Since the hypotheses are not fully adequate in predicting the goodness of model fit, we constructed a LASSO regression model for predicting ahead of time the goodness of fit with features that are available upon patient intake, such as demographics, initial blood counts, and genomic/mutation features. These results are shown in Fig. 2e, f. Our predictive model shows it is possible to predict the model fit goodness using only the genomic and clinical features (Fig. 2e). The key predictive features include the mutation status of frequently mutated genes in AML such as NRAS, DNMT3A and NF1, and chromosomal aberrations such as complex karyotype and deletion of chromosome 5q (Fig. 2f).

We also compared the model goodness of fit to various clinical features, such as progression-free and overall survival time, and survival status at the end of the trial. We found that patients with longer survival times tend to have somewhat worse model fit (Supplementary Fig. 5b, c). This suggests that in surviving patients, there are significant factors affecting neutrophil levels that are currently unmodeled.

Data from multiple cycles improve predictions of toxicity

In a clinical setting, the utility of a digital twin model is in predicting future patient trajectories with dynamic updating of model parameters. In order to test how the model would work in a digital twin setting, we fit the model on some “training” cycles and tested it on the following “test” cycles. We tested the model with between one and five training cycles, and two test cycles, with all following cycles being considered as “additional” cycles. There were a total of 33 patients who had sufficient data (7 treatment cycles) for the train-test split. The clinical characteristics for these patients are shown in Table 2. They tended to have substantially longer survival and better drug responses than the overall set of patients. Moreover, most of these patients go into a remission period and some experience relapse (Table 2).
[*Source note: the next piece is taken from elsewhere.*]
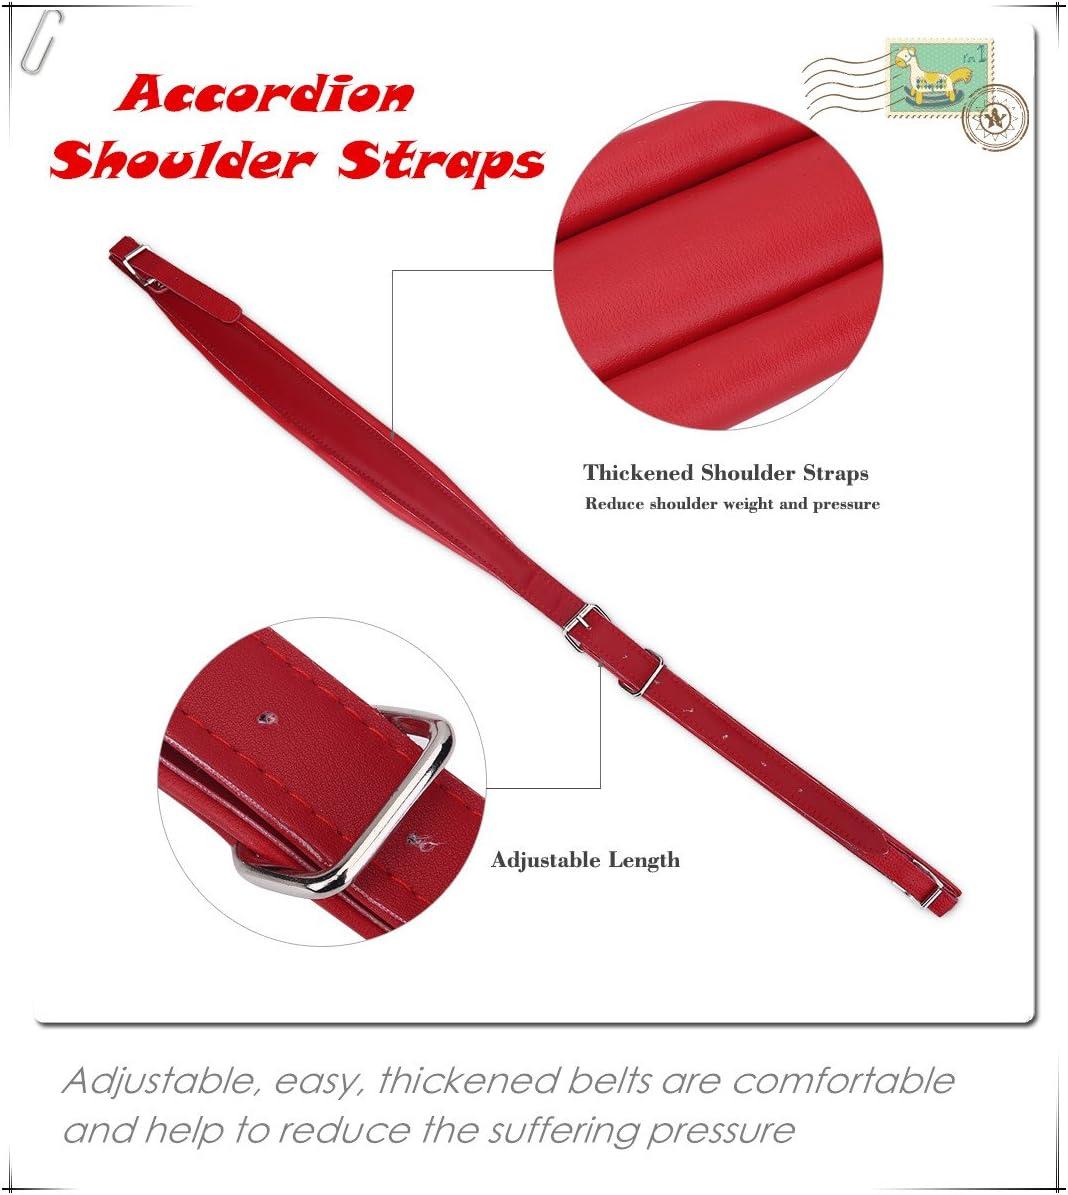 YouCY Adjustable Accordion Shoulder Straps Adjustable Soft Accordion Shoulder Straps Set Comfortable Accordion Belt,White

Table 2 Patient characteristics

We divided the “test” cycles into short and long-term tests. Short-term tests were defined as the next two cycles after the training cycles, while long-term tests were defined as all cycles after the two cycles immediately following the training cycles. This corresponds to a categorization of future events based on a specific time horizon (short term vs. long term).

Figure 3 shows the results of model predictions for different numbers of training/treatment cycles. These results were obtained using model M2c which generated the best fit as described in the previous sections. Figure 3a shows the RMSE between the neutrophil counts generated by model M2c and observations from patients. We observe that as the number of training cycles increases, the training error increases, while the short-term testing error significantly declines (with a Pearson correlation coefficient of −0.28 and p = 0.0021, Fig. 3b). The variance in the RMSE also declines substantially. A similar behavior is observed for long-term testing; however the RMSE and its variance are always larger than the short-term testing. Figure 3c–e illustrates the model fitting with different training treatment cycles for a particular patient. These figures illustrate that accuracy increases with additional treatment cycles used for training.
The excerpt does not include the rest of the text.